Severe acute respiratory syndrome coronavirus 2 (SARS-CoV-2) infection is associated with an increased risk of long-term cognitive decline in elderly population. COVID-19 patients, especially severe patients, should be intensively monitored for post-infection cognitive decline.
The coronavirus disease 2019 (COVID-19) pandemic has affected over 180 million patients thus far, and the number is still increasing . Understanding the short- and long-term health consequences of COVID-19 is therefore critical. Severe acute respiratory syndrome coronavirus 2 (SARS-CoV-2) infection causes damages to multiple systems, including the respiratory, digestive, cardiovascular, renal, immune and nervous systems . More than one-third of hospitalized patients with COVID-19 experience a variety of neurologic manifestations at the acute stage of the infection, including altered cognitive and mental status, cerebrovascular diseases, headache, vertigo, anosmia and ageusia , and neurological sequelae are also reported [4,5,6,7]. Acute cognitive complications are common ; however, long-term effects of COVID-19 on cognition are not clear yet. The first bulk of hospitalized COVID-19 patients in Wuhan, China, has recovered for half a year. This study aimed to investigate the long-term impact of SARS-CoV-2 infection on cognitive changes 6 months after recovery, and to determine risk factors of cognitive impairment in elderly patients recovered from COVID-19.

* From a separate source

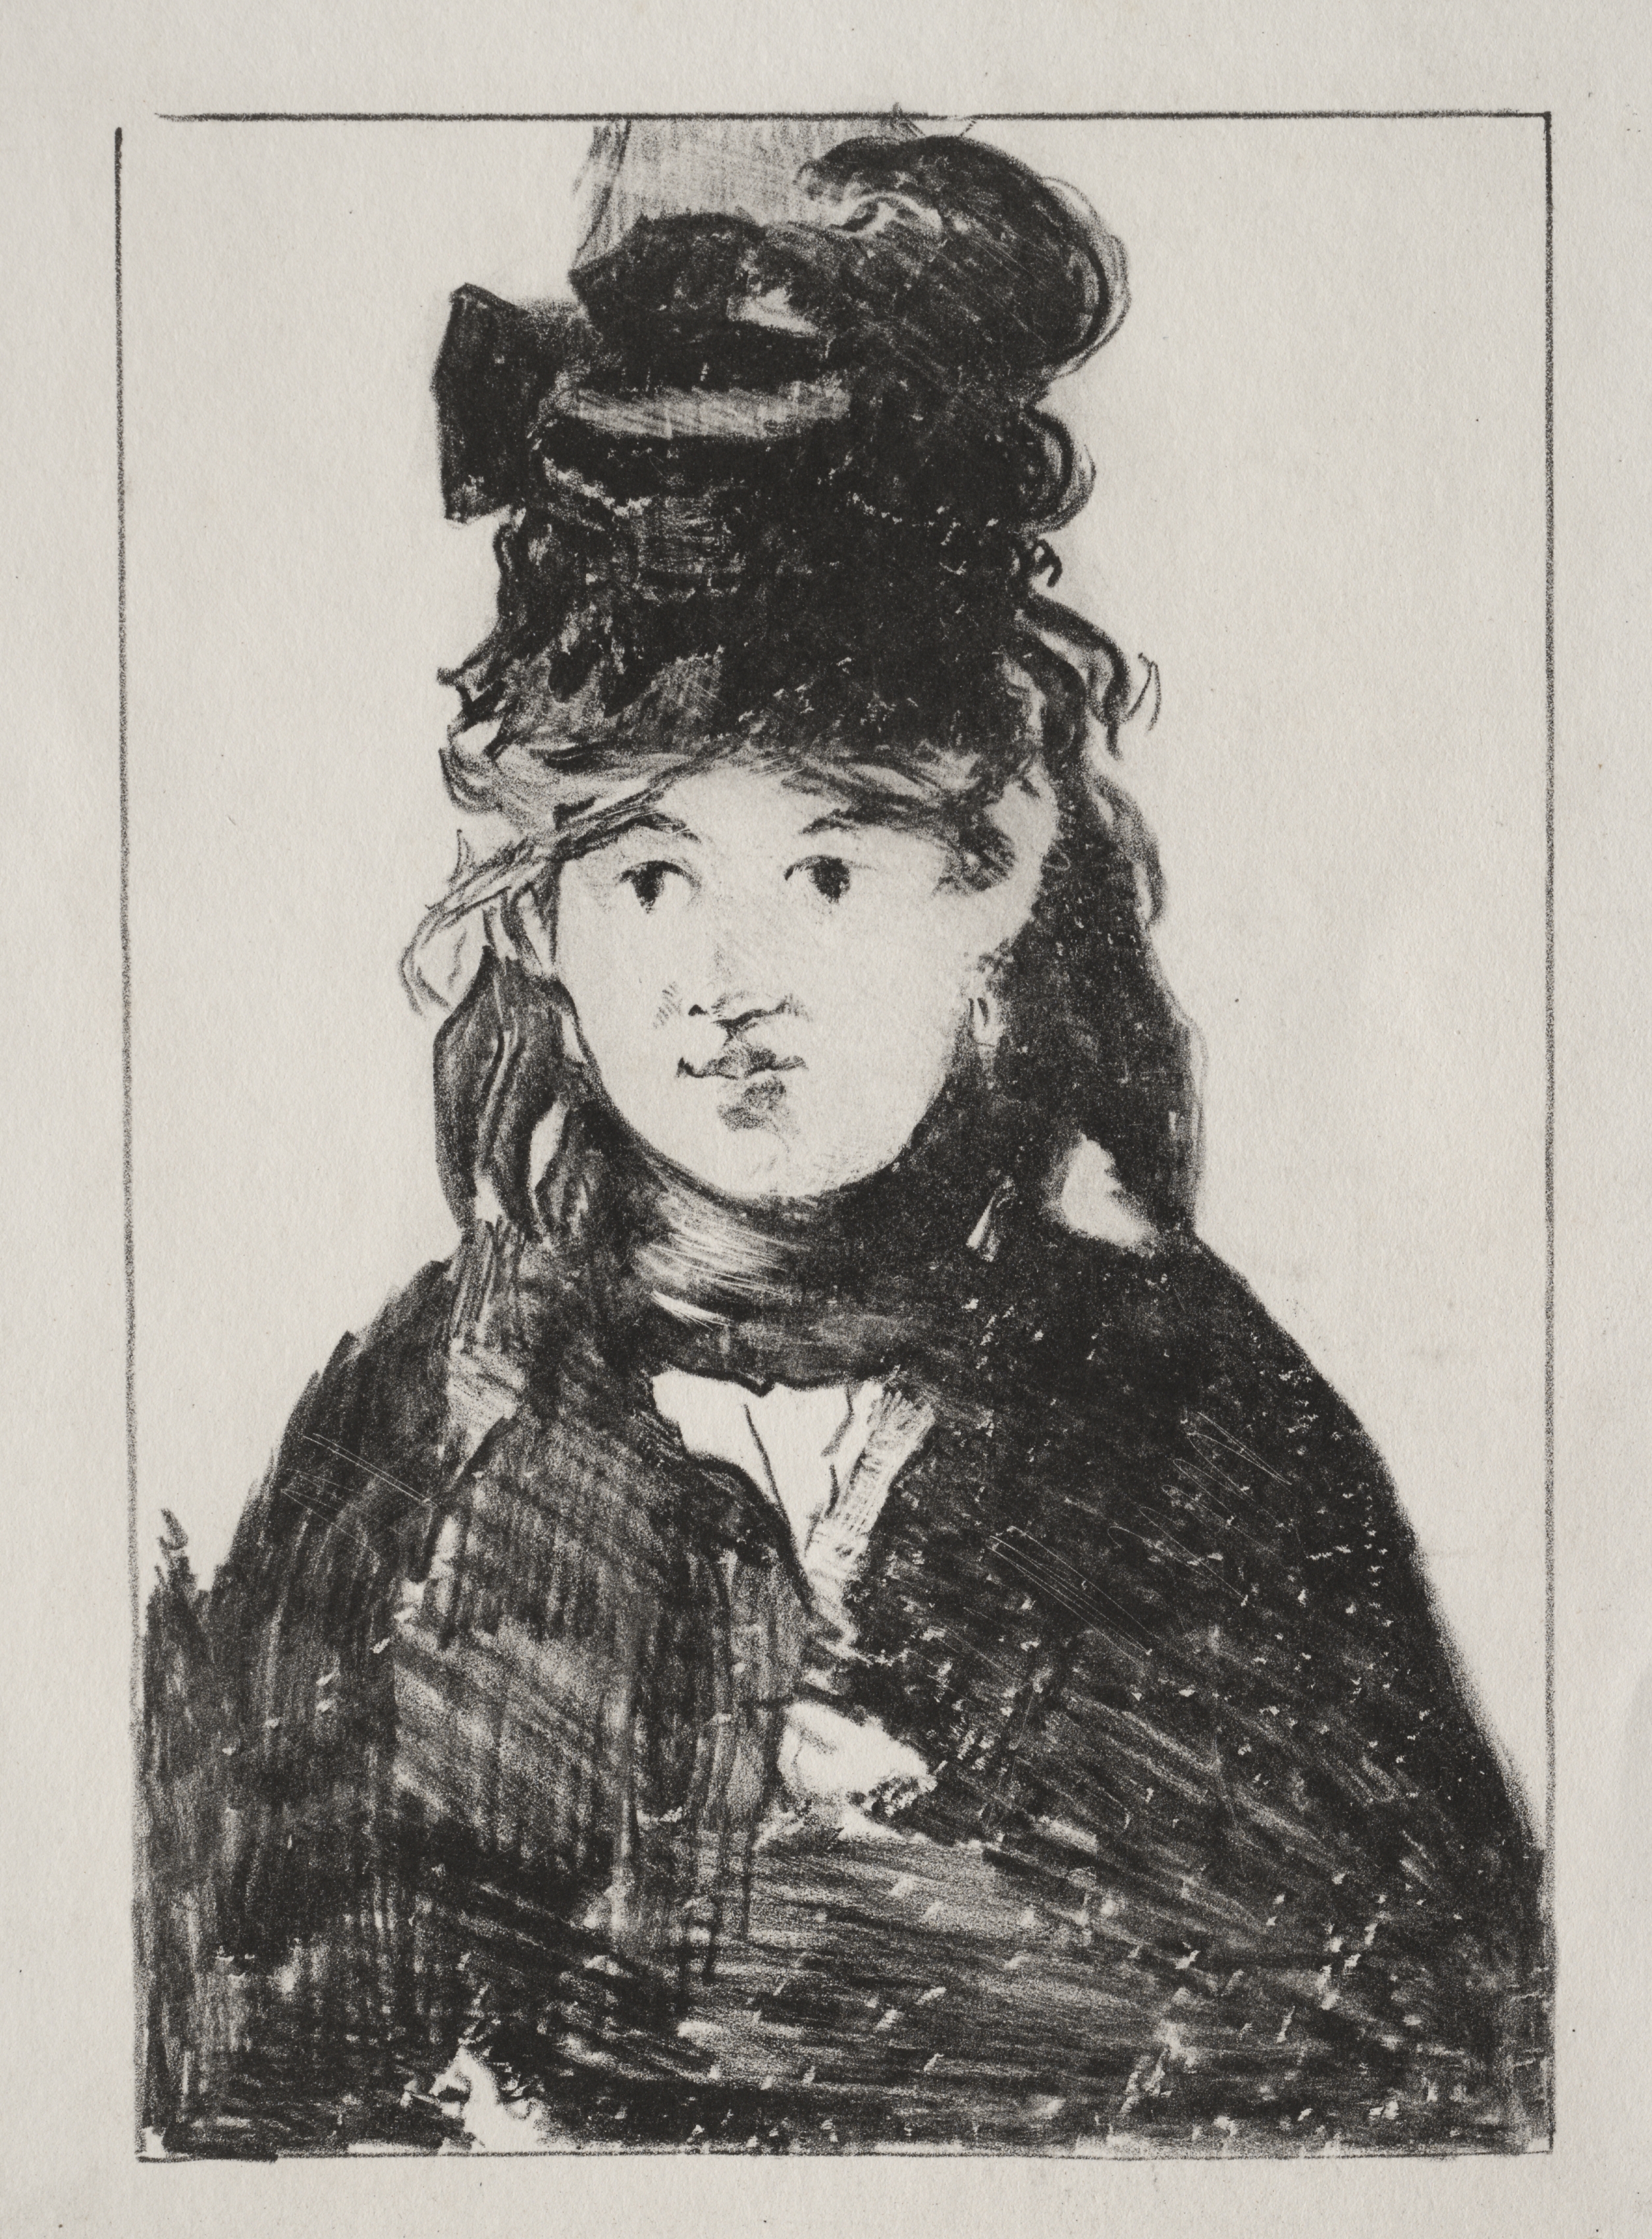 Portrait of Berthe Morisot

Participants in this study were inpatients who were discharged between February 10 and April 10, 2020, from three hospitals, including Huoshenshan Hospital, Tongji Taikang Hospital and General Hospital of the Central Theatre Command of the People’s Liberation Army, which were designated to treat COVID-19 patients in Wuhan during the pandemic in early 2020. Eligibility included the following: (1) aged 60 years and older; (2) agreed to participate in this study. Subjects were excluded if they had the following conditions: (1) did not agree to participate, did not understand the questions in the questionnaires, or had communicative obstacles due to language or hearing reasons; (2) pre-existing subjective or diagnosed dementia; (3) a family history of dementia which may increase the risk of cognitive impairment; (4) a concomitant neurologic disorder potentially affecting cognitive function; and (5) severe cardiac, hepatic, renal diseases or any kind of tumour. Uninfected spouses that co-lived with the patients in the same environment were selected as controls. In total, 3233 patients discharged from the hospitals during the designated study period were screened.

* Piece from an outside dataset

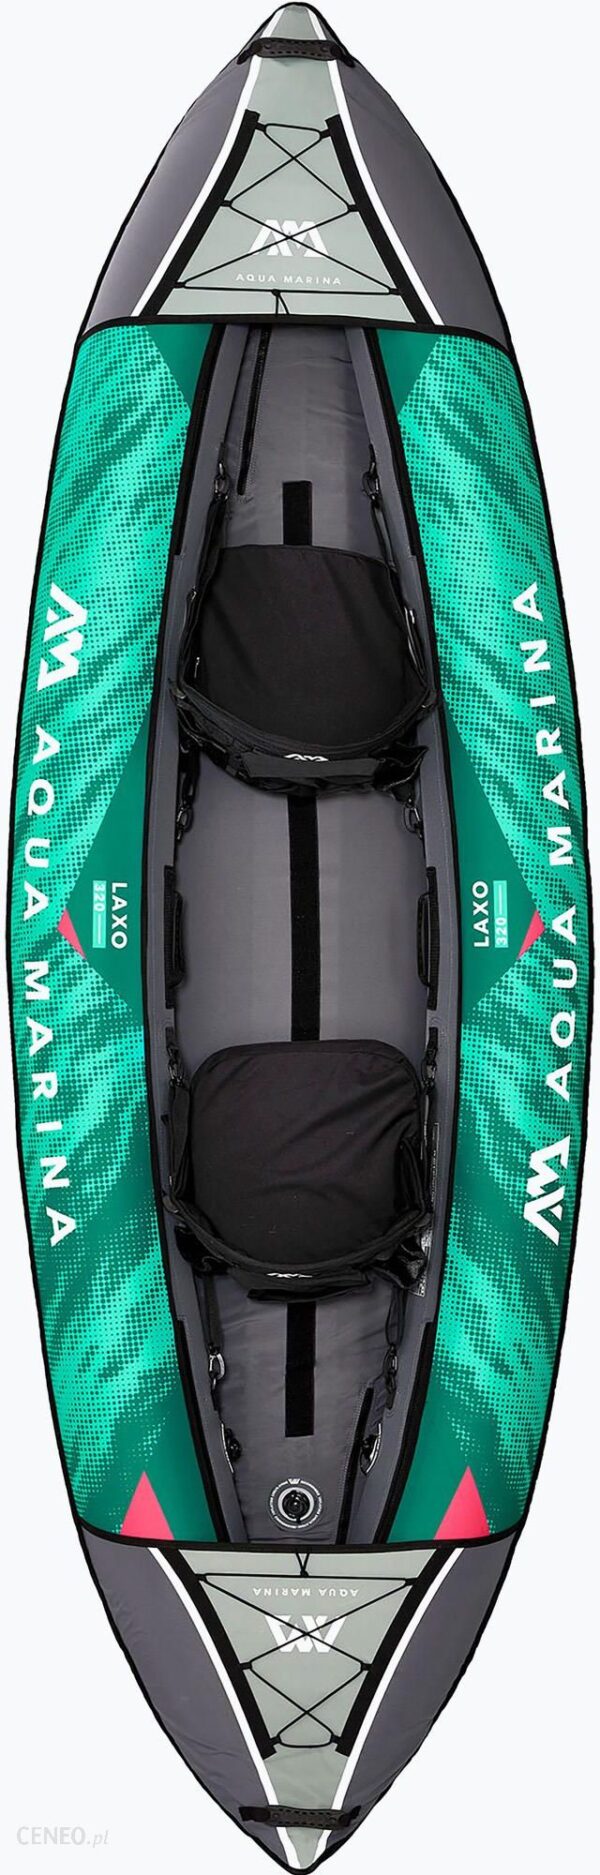 Aqua Marina Laxo 320 Recreational Kayak 2 Person. Inflatable Deck. Paddle Set Included. La320 Zielony

Ultimately, 1539 patients, including 238 severe cases and 1301 non-severe cases, were eligible for this survey, and 466 spouses were recruited as controls. COVID-19 designated hospitals including Huoshenshan and Tongji Taikang Hospital were disbanded after the crisis. Therefore, the protocols were approved by the institutional review boards of Daping Hospital, Third Military Medical University, which launched this study. Since this study is conducted based on telephone interviews, written consents were waived but verbal informed consents were obtained from all participants or their legal guardians prior to the survey.
Clinical and cognitive assessment
The diagnosis of COVID-19 was based on the World Health Organization interim guidance . The severity of COVID-19 was defined as severe or non-severe following the American Thoracic Society guidelines for community-acquired pneumonia . Accordingly, severe cases with COVID-19 were defined as: fever or suspected respiratory infection, plus at least one of the following conditions: respiratory rate > 30 breaths/min, severe respiratory distress, or SpO2 < 90 % on room air. Uninfected spouses were confirmed to be uninfected by high-throughput sequencing or real-time reverse-transcriptase polymerase-chain-reaction assay (RT-PCR) for nasal and pharyngeal swab specimens.

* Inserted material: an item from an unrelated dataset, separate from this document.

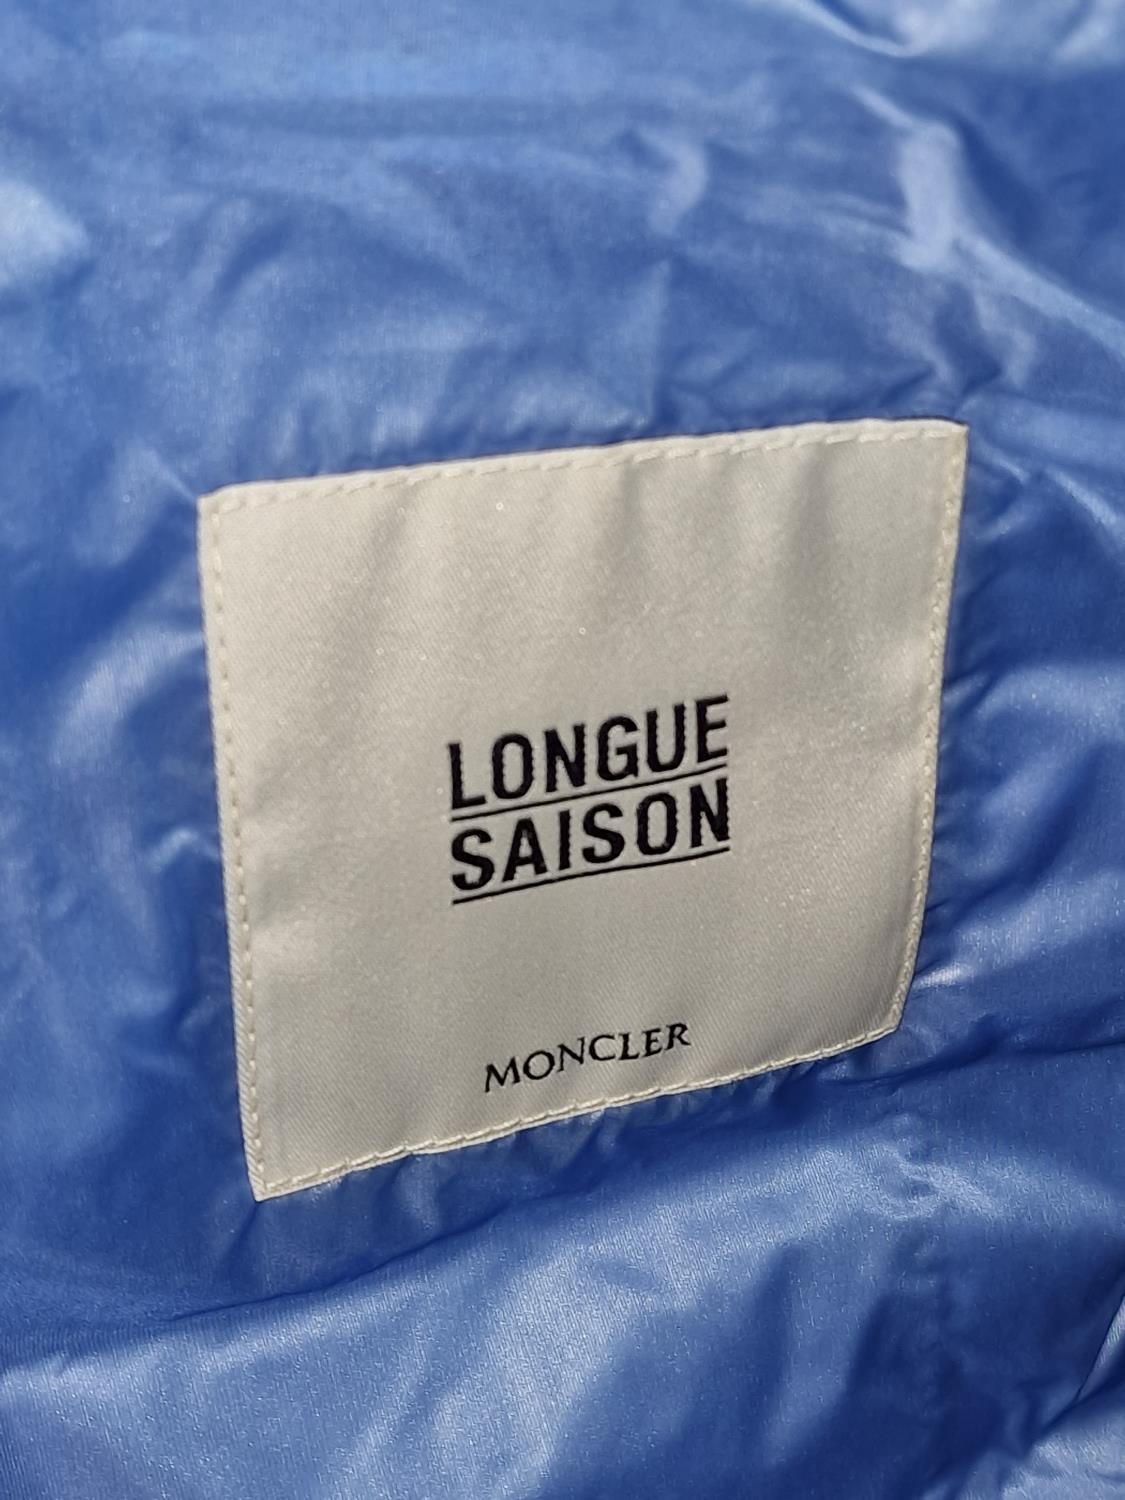 Moncler Gilet jacket BNWT size 3 (REF 229). - Image 3 of 3

The survey was conducted 6 months after patient discharge. Due to the emerging infection risk, participants were interviewed by a telephone survey. The telephone interview was conducted by a group of trained raters. Participants were allowed to terminate the survey at any time.
The following information was collected from medical records and a knowledgeable family member for each participant: demographics, including age, sex, education level, body mass index (BMI), comorbidities, including hypertension, diabetes mellitus, coronary heart disease, hyperlipidaemia, a history of cardiovascular diseases or stroke, and chronic obstructive pulmonary disease (COPD). The current cognitive status of participants was assessed using a Chinese version of the Telephone Interview of Cognitive Status-40 (TICS-40, Supplementary Table 1), which was previously validated . The TICS-40 includes 10 variables and has a maximum of 40 points. Score ≤ 20 was determined as mild cognitive impairment (MCI), and score ≤ 12 was determined as dementia . Subjects’ family informants were interviewed to report the cognitive decline of patients and their spouses over the previous 6 months using the Chinese version of the short form Informant Questionnaire on Cognitive Decline in the Elderly (IQCODE, Supplementary Table 2) , which contains 16 items that rate changes in memory and other cognitive domains and was previously validated . Cognitive decline was defined as an IQCODE score ≥ 3.5, which provided a sensitivity of 92 % and a specificity of 80 % .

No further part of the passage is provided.